Brian Citro: Keep Moving (Home)
Calligram Records

The urge to draw parallels between Brian Citro's professional gig as a human rights lawyer and his vocation as a Chicago-based jazz guitarist are strong, especially when he brings many of the same tendencies to his music-making as he presumably does his legal work: rigour and scrupulousness come to mind as one attends to compositions methodically worked out and logically structured. While some lawyers might be prone to longwindedness, Citro's the opposite: his tracks are as long as they need to be and no longer, and while solos are present, they're generally concise. If anything, the fourteen tracks (one a bonus) on Keep Moving (Home) accentuate formal composition and ensemble playing over individual expression when he, Nick Mazzarella (alto saxophone), Matt Ulery (basses), and Quin Kirchner (drums) lean into a track's smooth groove like some seasoned R&B unit.

Citro's no dabbler: he's played and written music for three decades, studied with Fareed Haque, and played in a variety of bands.
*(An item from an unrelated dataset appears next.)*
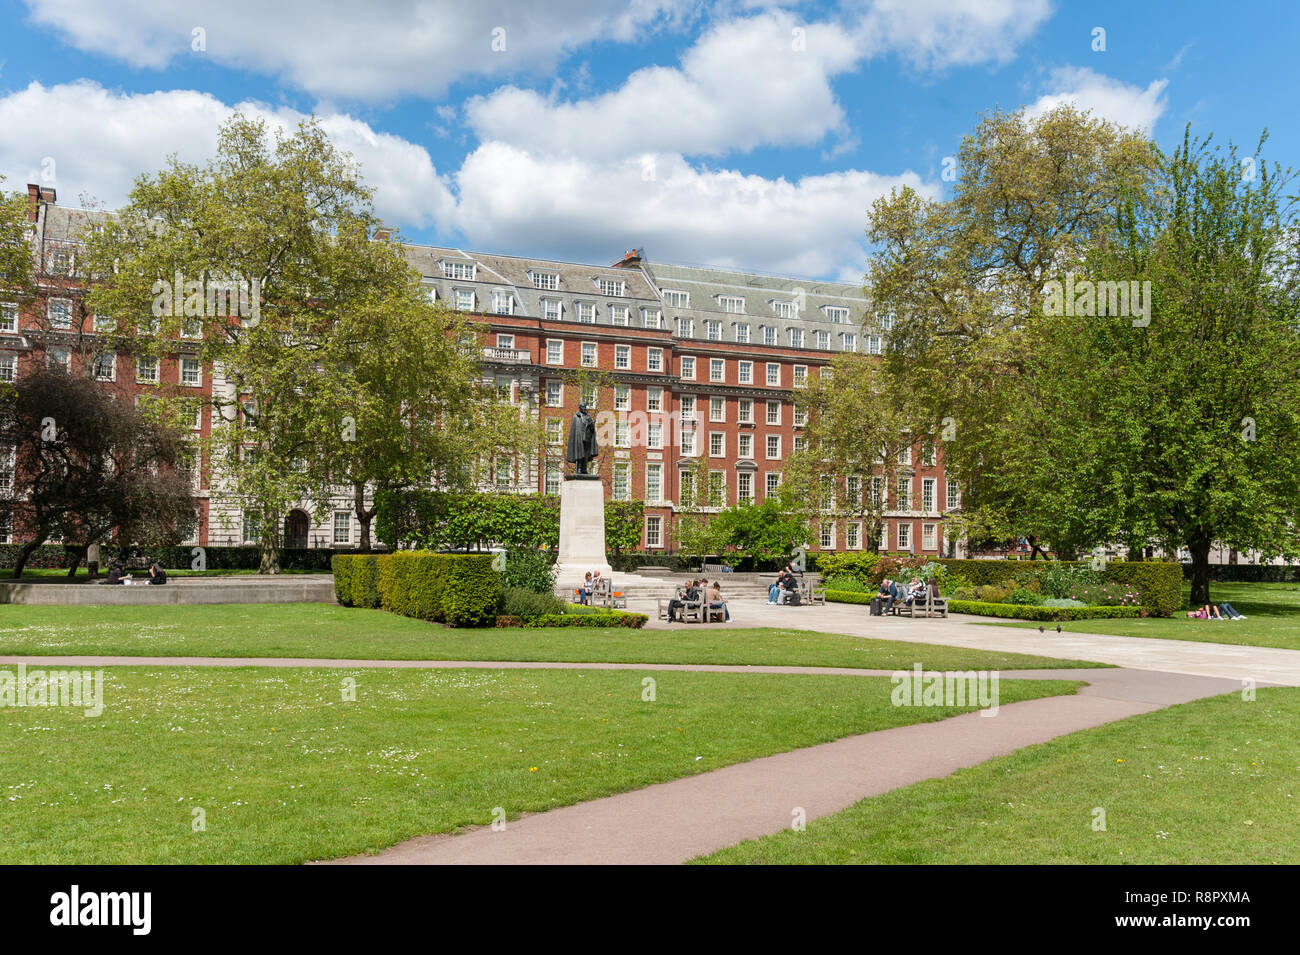 Grosvenor Square, Mayfair, London, UK Banque D'Images

And the experiences he's had are interesting ones, too: in place of the usual stints with groups in different parts of the USA, Citro's (according to the press release) spent time “performing Sufi music with Rajasthani musicians in New Delhi, Highlife music with Ghanaians in Accra, and his own music with a trio of Indian jazz musicians.” Yet no matter where he found himself, he longed to return home to Chicago. Such experiences also influenced his approach to the guitar and group playing, both of which reflect an emphasis on groove and flow. Stated otherwise, as a player Citro's style and sensibility has more in common with Steve Cropper's than Steve Vai's.
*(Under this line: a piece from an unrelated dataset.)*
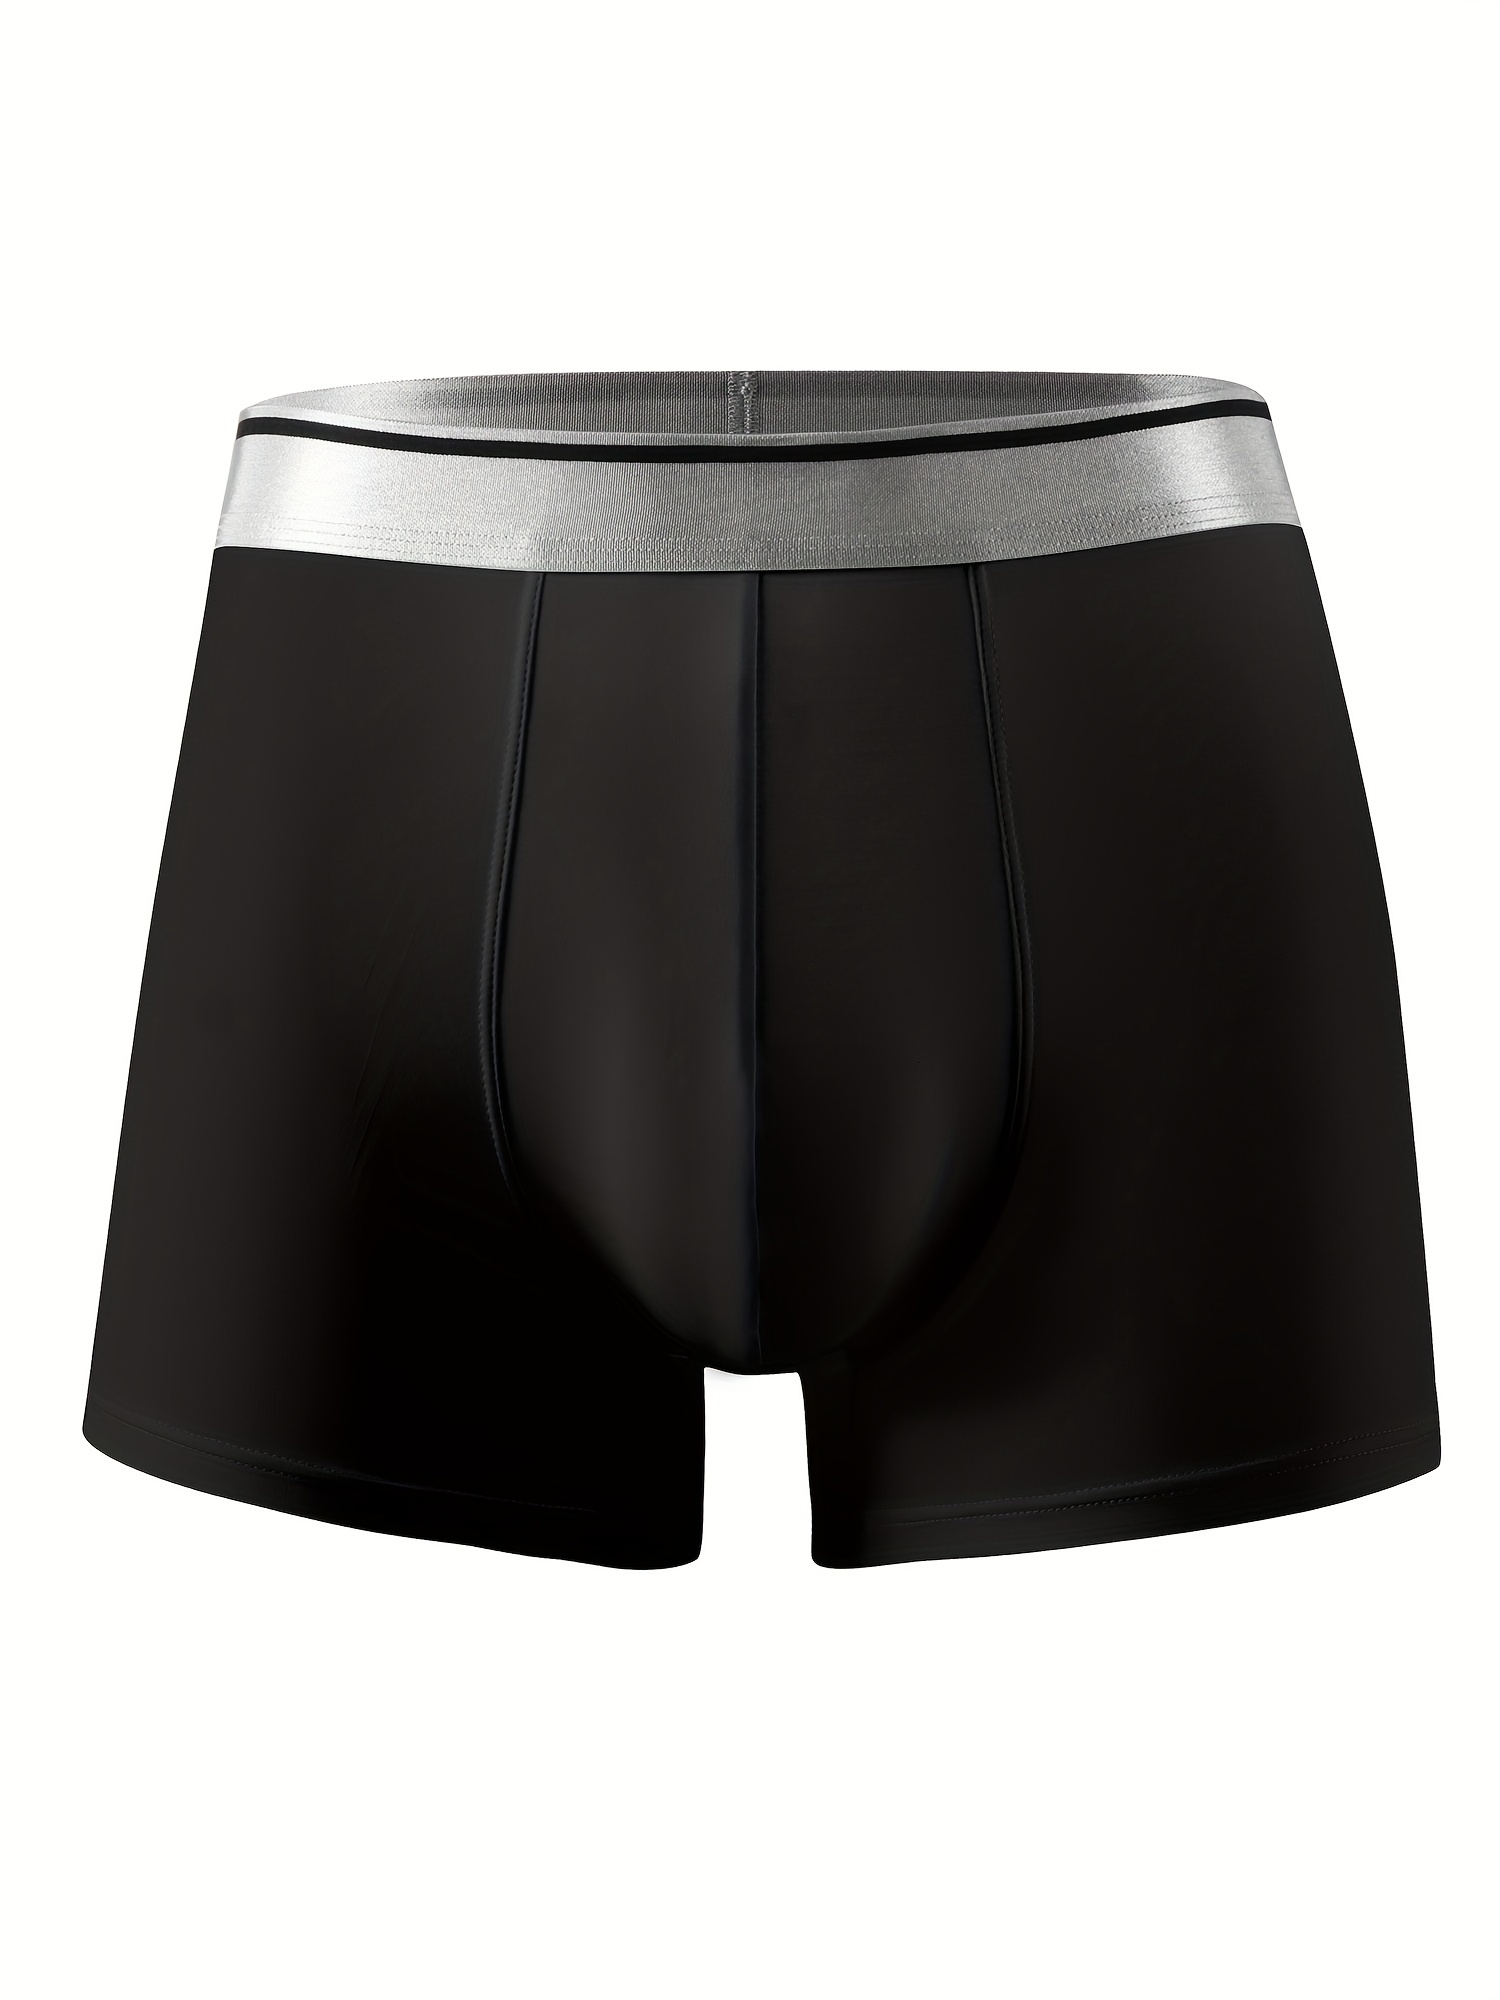 Plus Size Men's Ultra Thin Ice Silk Nylon Boxer Briefs Underwear Black

That the players share histories clearly enhances their music-making. Citro earlier played with Kirchner and Mazzarella in separate outfits, and as listeners familiar with the Chicago scene know, Kirchner and Ulery have brought their tag-team artistry to many a club setting and recording session. These players lock in fluidly and execute Citro's charts with authority and ease. The guitarist shares the front line generously with Mazzarella, who when not elevating the music with his alto adds texture with Wurlitzer. Influences are many and varied—Monk, Metheny, Wonder, and Rundgren four of many cited—but Citro's music rarely sounds like anyone's but his own.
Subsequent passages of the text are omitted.